Alas! how little this is known or believed by believers. The call to do all God’s will is made of no effect by the terrible unbelief that says: It cannot be; I cannot do it. Men say that they believe that all the mysteries of redemption, up to Christ’s resurrection and exaltation to heaven were wrought “by the working of the strength of God’s might” (Eph. 1: 20). But they do not believe what Scripture affirms as distinctly (Eph. 1: 19), that the same exceeding greatness of His power works in them that believe. Let me implore every child of God who would live to do His will, to remember: the will of God is so holy and Divine no one can do it but God Himself. God has given you a renewed will, capable of knowing and desiring, and even delighting in, His will, but not of doing it in your own strength. The work of our will is to accept of His will as being indeed what He will work in you. This is indeed our highest glory, that God, who, according to His very nature, must work all in all, will work in us both to will and to do. He Himself fits us in every good thing to do His will, working Himself in us that which is pleasing in His sight.

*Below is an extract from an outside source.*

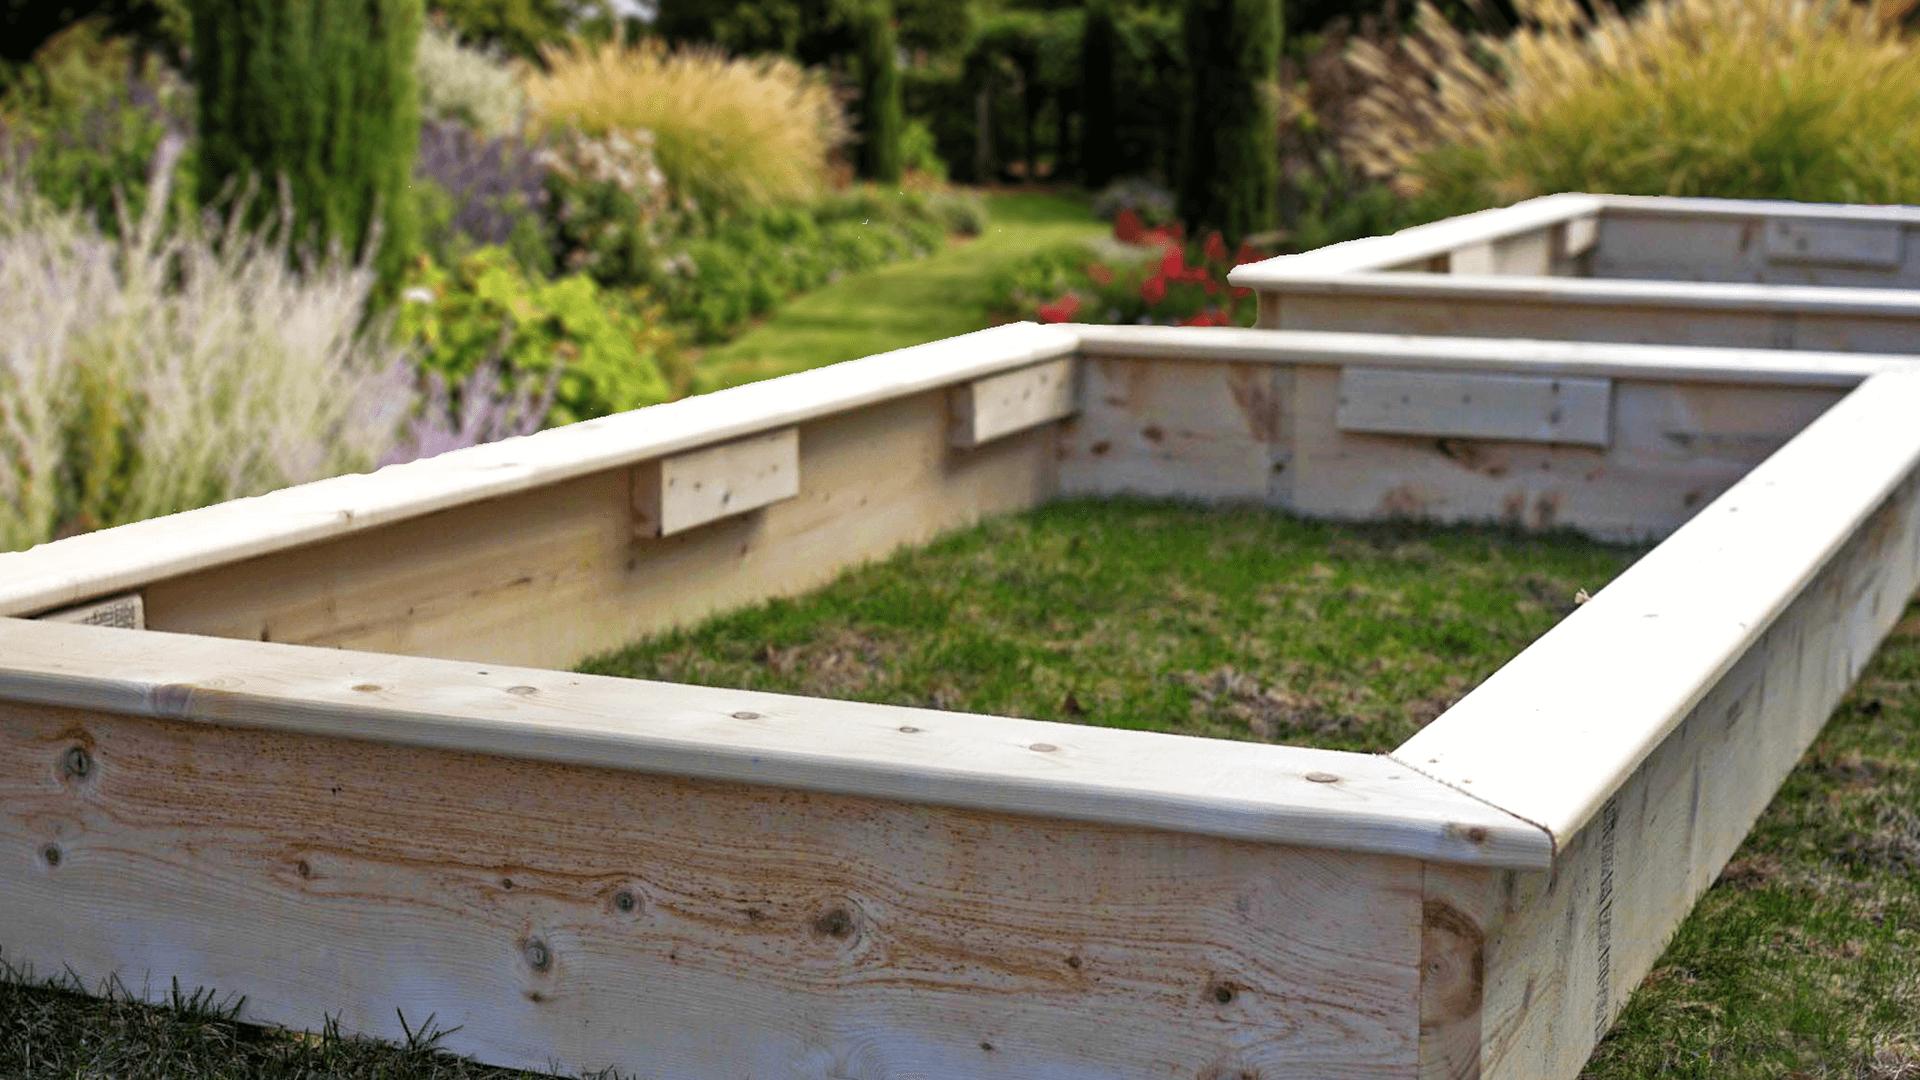 assembled garden bed

The last lesson follows naturally: Our great need and our great duty, when we have accepted our calling to live only to do His will, is to bow before God in continual humility and dependence, asking to know fully our utter impotence, and seeking to trust confidently in His power working in us. And with this, to understand that His power cannot work freely and fully in us, except as He dwells in us. Jesus said: The Father abiding in Me does the works. It is “through Jesus Christ” that God works in us what is pleasing in His sight. That is, through Jesus Christ dwelling in the heart, by the power of the Holy Ghost, God by a continual secret, almighty operation, works out His will in us, by fitting us to do it. The one thing needful is: a simple, but unceasing and unlimited, faith in the indwelling Jesus. Lo, I come, He said. I delight to do Your will. That is not only for us, but in us. He is the Executor of the Father’s will, through whom it is all carried out. Oh! let us turn with a new consecration to do all God’s will, with a new faith to God who will work in us the fitness to do it, with a new devotion to Jesus Christ, through whom we the sinful, we the impotent, can indeed have grace to say also: I delight to do Your will, O my God.